The company that owns The Standard hotel chain, known for its boutique properties on New York’s High Line and London’s King Cross, is seeking to break the dominance of online booking platforms with the launch of a recommendations-based app that it describes as “the first social travel agency”.
Amar Lalvani, Standard International’s chief executive, said the app — called Benny (from the phrase “friends with benefits”) — would allow people to recommend rooms to friends at the best rate, earning a commission, and wresting bookings away from the internet giants that increasingly dominate the hotels business.

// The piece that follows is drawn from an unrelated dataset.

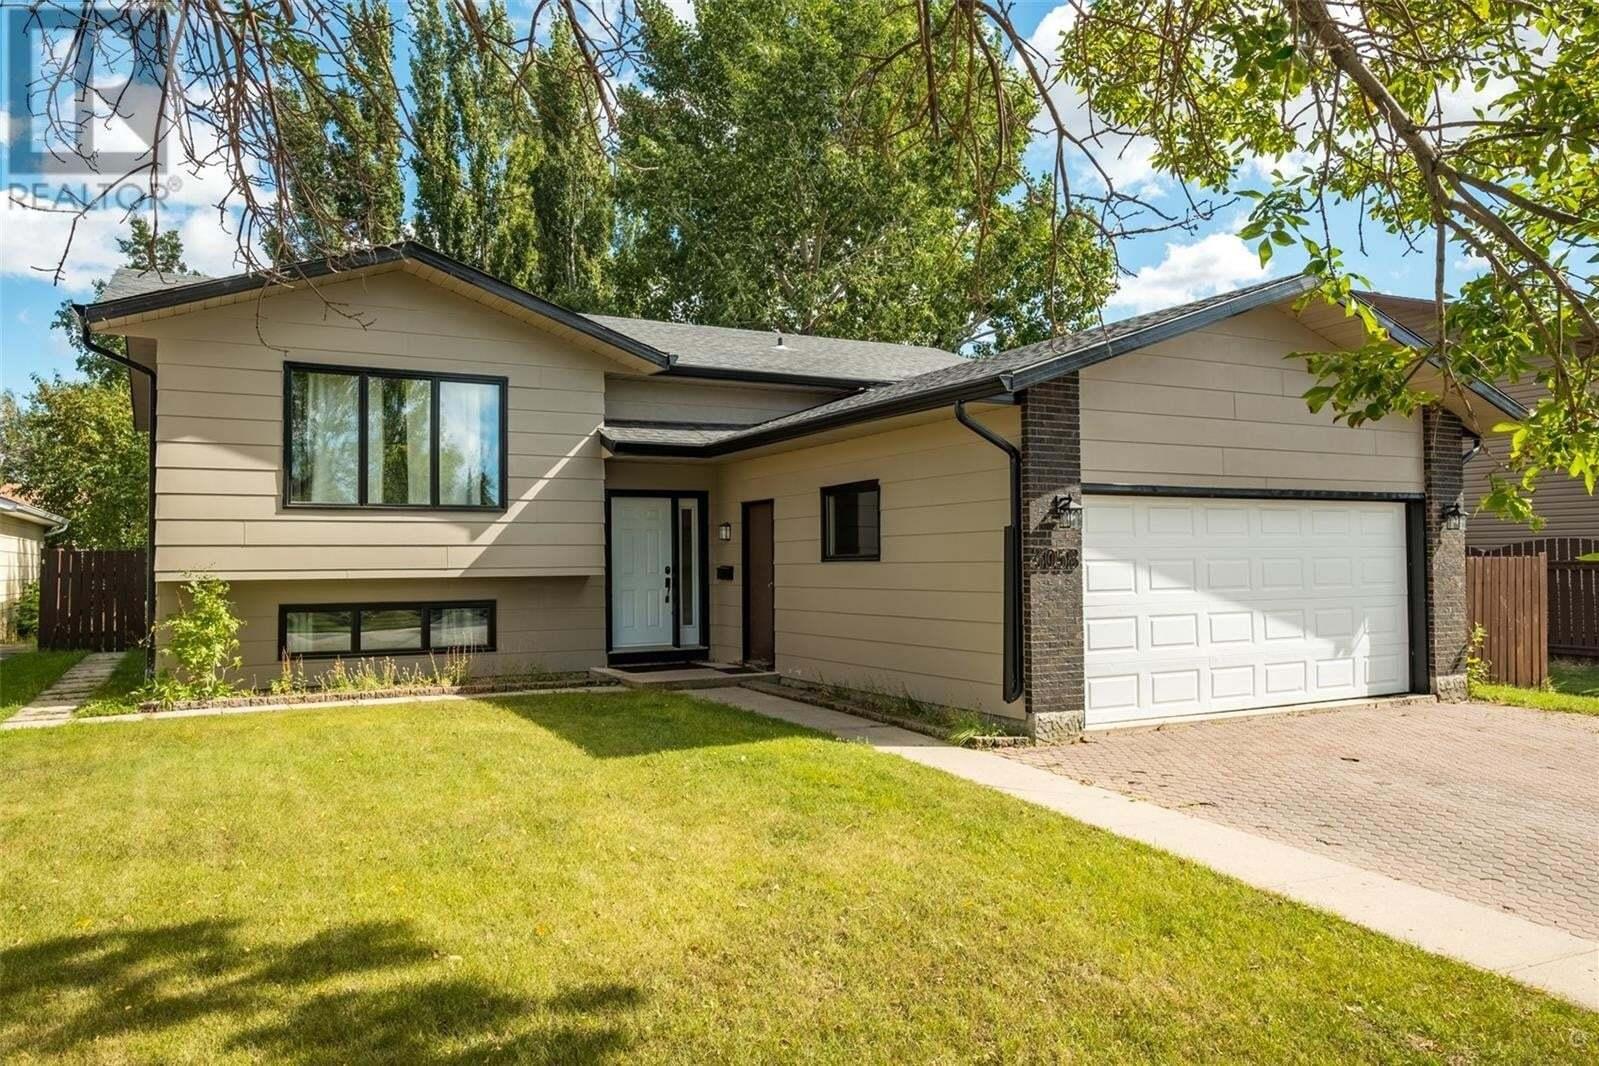 House for sale at 3058 Eagle Cres Prince Albert Saskatchewan - MLS: SK826179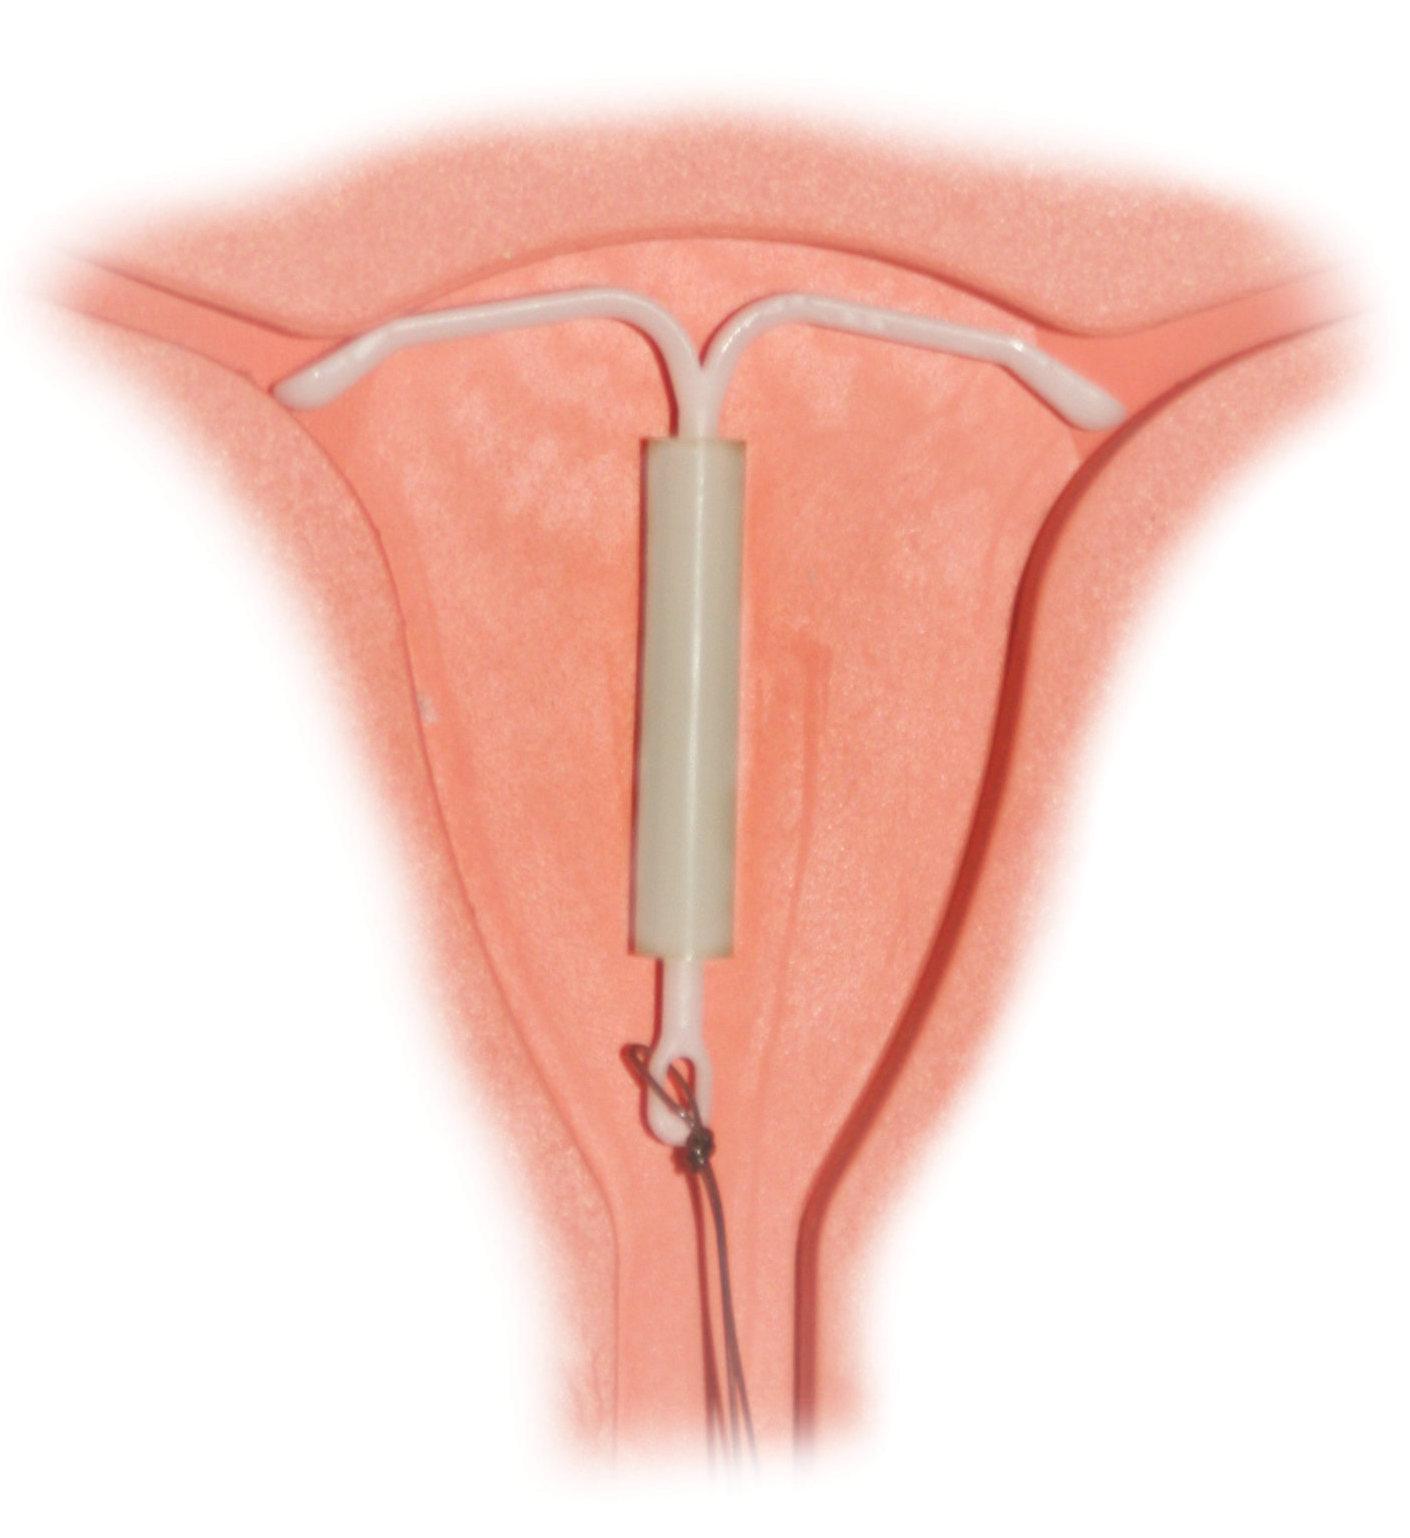 妊娠 症状 ミレーナ

“We are launching a model that will be at the intersection of social media, the gig economy and travel,” Mr Lalvani told the Financial Times. “The way Airbnb made everybody a host and Uber made everyone a driver, we are going to develop a system that makes everybody a travel agent.”
Mr Lalvani said the initiative had received an investment of an undisclosed size from SWaN and Legend Venture Partners, which focuses on consumer businesses “primed for disruption”, and would be launching in October.
He said that the venture was a reaction to the rise of online booking sites such as Expedia and Orbitz, which because of their scale have eroded hoteliers’ profitability and prompted a wave of industry consolidation.
“No one has linked these things together yet,” Mr Lalvani said. “Online travel agents’ margins are significant, and this is a way to play in that space.”
Benny is the latest tech foray by Standard, which in 2016 launched One Night, a mobile app providing last-minute hotel rooms, and recently secured $5m of funding.
The Benny app launch is part of a broader expansion by the New York-based group, whose largest shareholder is the Thai property group Sansiri, which in 2017 paid $58m for a 35 per cent stake.
Sansiri at the time also took stakes in five other businesses, including a stake of less than 15 per cent in Monocle, the UK-based publishing and lifestyle group.
Standard on Wednesday laid out details of its plans for new properties at a business briefing in Bangkok. The group will open its seventh hotel in the Maldives by October, and has another 15 planned in cities including Chicago, Paris, Jakarta and Melbourne.
In London, the brand refurbished the Brutalist former Camden Town Hall Annex as its flagship property, which opened last month. Much of the expansion is in Asia, where Mr Lalvani said 60 per cent of the world’s millennials, soon to enter their peak earning years, were based.